Conospermum distichum is a species of flowering plant in the family Proteaceae and is endemic to the south-west of Western Australia. It is a shrub with ascending, thread-like leaves, and spikes of woolly white, tube-shaped flowers with blue bracteoles.

==Description==
Conospermum distichum is a shrub that typically grows to a height of up to 80 cm. It has scattered, ascending, glabrous, thread-like leaves 35–85 mm long and 0.4–0.75 mm wide at the base of the plant. The flowers are arranged in spikes in upper leaf axils on a peduncle 15–70 mm long. The bracteoles are blue, egg-shaped, 2.2–3.2 mm long, 1.7–2.5 mm wide, and hairy at the sides and base. The perianth is white, forming a tube 4.0–7.5 mm long. The upper lip is blue, egg-shaped, 1.8–3 mm long and 1.0–1.7 mm wide, the lower lip joined for 1.5–2.5 mm long with lobes 0.4–0.8 mm long. Flowering occurs from August to November, and the fruit is a nut 1.8–2.8 mm long and 1.6–1.9 mm wide and orange-brown, with velvety hairs.

==Taxonomy==
Conospermum densiflorum was first formally described in 1810 by Robert Brown in Transactions of the Linnean Society of London. The specific epithet (distichum) means 'in two rows', referring to the leaves.

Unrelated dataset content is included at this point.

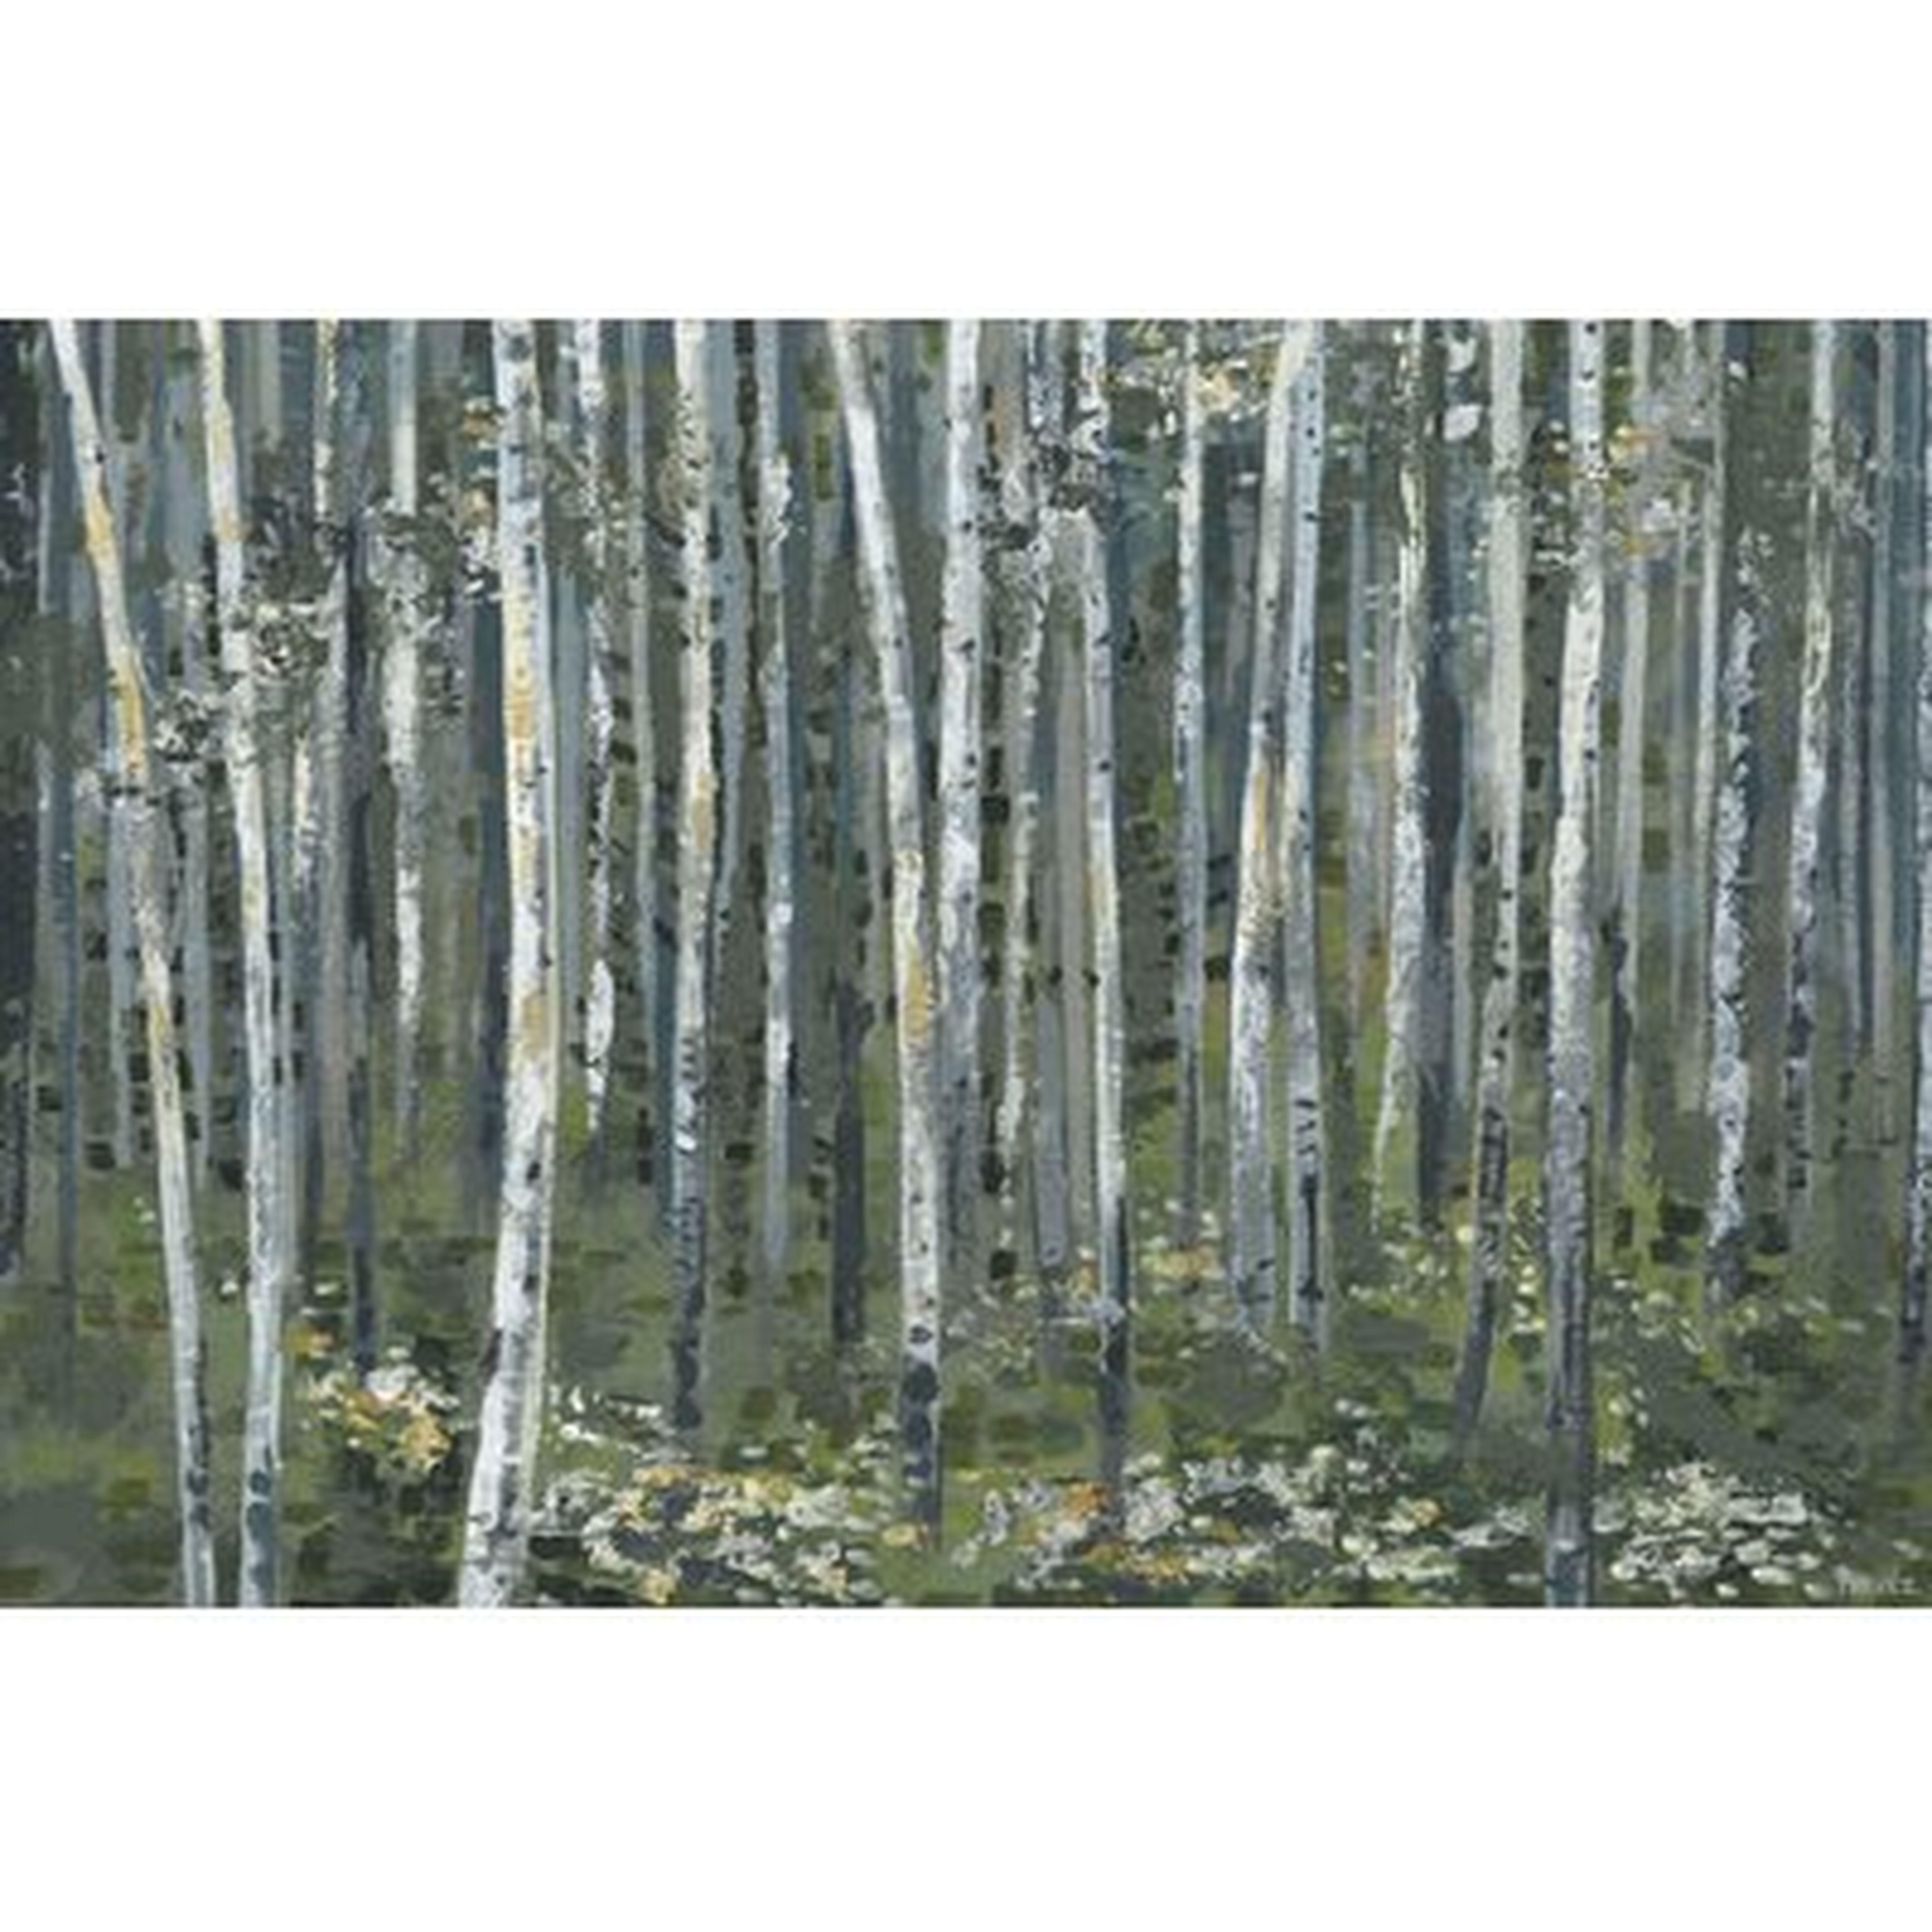 'Magical Green Forest' Print on Wrapped Canvas - Wayfair

==Distribution and habitat==
This species of Conospermum grows in sandy soil on dunes, granite outcrops and roadsides, in near-coastal areas between Ravensthorpe and Mount Ragged in Cape Arid National Park in the Avon Wheatbelt, Coolgardie, Esperance Plains and Mallee bioregions of southern Western Australia.

==Conservation status==
Conospermum distichum is list as "not threatened" by the Government of Western Australia Department of Biodiversity, Conservation and Attractions.